Distribution $p_{\theta}$ gives rise to an associated denoising model $\epsilon_{\theta}(x_{t+1}, y)$, which predicts the noise at timestep $t$ given the prompt $y$ and the image $x_{t+1}$, which is equivalent to predicting the incrementally denoised image $x_{t}$.

So, how do we use the unconditional denoising model to generate images? This is explained in the following section.

Conditional reverse diffusion

Sampling from a conditional denoising model is possible given an additional classifier model trained on noisy versions of $x$ labeled with classes $y$. Dhariwal and Nichol, reason as follows: suppose first that we have a conditional Markovian noising process $\widehat{q}$, such that $\widehat{q}(y|x_{0})$ is a known label distribution for each sample. If this sounds familiar, it should: it’s exactly what you would get out of a softmax function at the end of a regular classifier model over classes $y$. Dhariwal and Nichol establish that $\widehat{q}(y|x_{t+1} \vert x_{t}) = \widehat{q}(y|x_{t+1} \vert x_{t}, y)$, which is just to say that the distribution doesn’t change whether or not it is conditioned on $y$. And they also prove, using the fact that $\widehat{q}(y|x_{0}) = q(y|x_{0})$, that $\widehat{q}(y|x_{t}) = q(y|x_{t})$. For the full derivation see Appendix H of the paper. Using these identities, and repeated applications of the multiplucation rule of probability, they can then establish that:

$\widehat{q}(x_{t} \vert x_{t+1}, y)$

$= \frac{\widehat{q}(x_{t}, x_{t+1}, y)}{\widehat{q}(x_{t+1}, y)}$

$= \frac{\widehat{q}(x_{t}, x_{t+1}, y)}{\widehat{q}(y \vert x_{t+1}) \widehat{q}(x_{t+1})}$

$ = \frac{\widehat{q}(x_{t} \vert x_{t+1}) \widehat{q}(y \vert x_{t}, x_{t+1}) \widehat{q}(x_{t+1})} {\widehat{q}(y \vert x_{t+1}) \widehat{q}(x_{t+1})}$

$= \frac{\widehat{q}(x_{t} \vert x_{t+1}) \widehat{q}(y \vert x_{t}) } {\widehat{q}(y \vert x_{t+1})}$

$= \frac{q(x_{t} \vert x_{t+1}) \widehat{q}(y \vert x_{t}) } {\widehat{q}(y \vert x_{t+1})}$ by previously established identity

$= Z q(x_{t} \vert x_{t+1}) \widehat{q}(y \vert x_{t})$, since $\widehat{q}(y \vert x_{t+1})$ does not depend on $x_t$, we can treat it as a constant $\frac{1}{Z}$.

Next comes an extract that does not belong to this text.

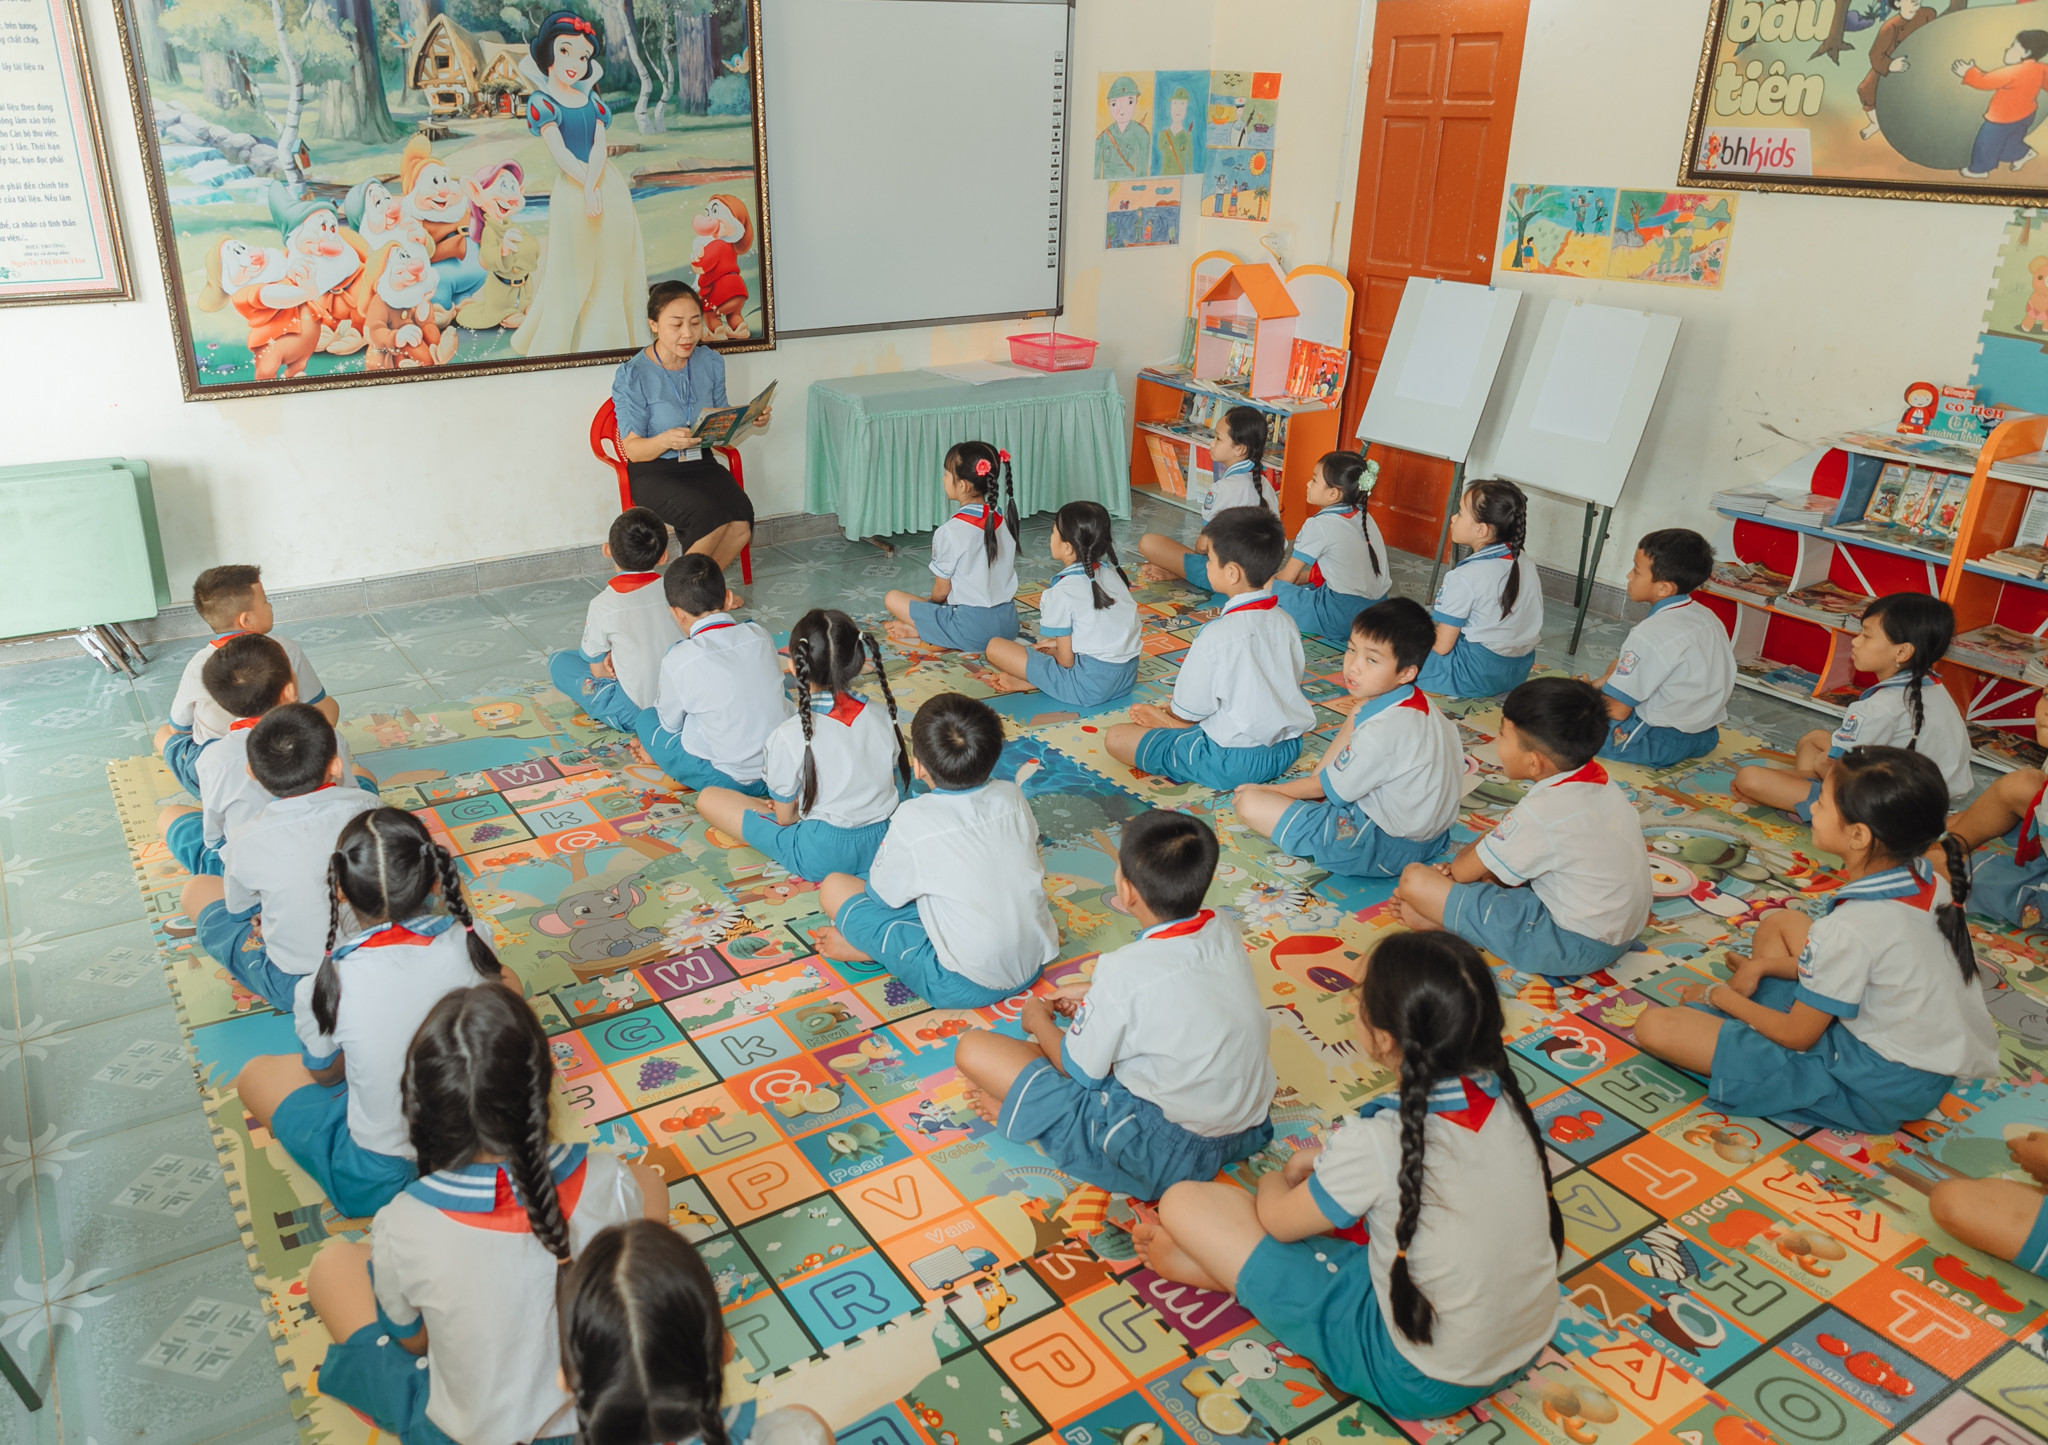 Ở các trường tiểu học miền núi Nghệ An còn gặp nhiều khó khăn nhưng đọc sách là món ăn tinh thần không thể thiếu của các em học sinh. Thư viện trường học trở thành một hoạt động không thể thiếu trong mỗi giờ ra chơi hay đầu giờ và cuối giờ học của học trò nơi đây. Ảnh: Đức Anh

Since $p_{\theta}(x_{t} \vert x_{t+1})$ approximates $q(x_{t} \vert x_{t+1})$, we have

$\widehat{q}(y \vert x_{t+1}, y ,x_{t}) \approx p_{\theta}(x_{t} \vert x_{t+1}) \widehat{q}(y \vert x_{t})$.

And we can, as mentioned in the previous paragraph, easily train a classifier to give us $\widehat{q}(y \vert x_{t})$. As we can therefore compute both factors of the left hand side, we can sample from the conditional reverse diffusion process $\widehat{q}(y \vert x_{t+1}, y ,x_{t})$.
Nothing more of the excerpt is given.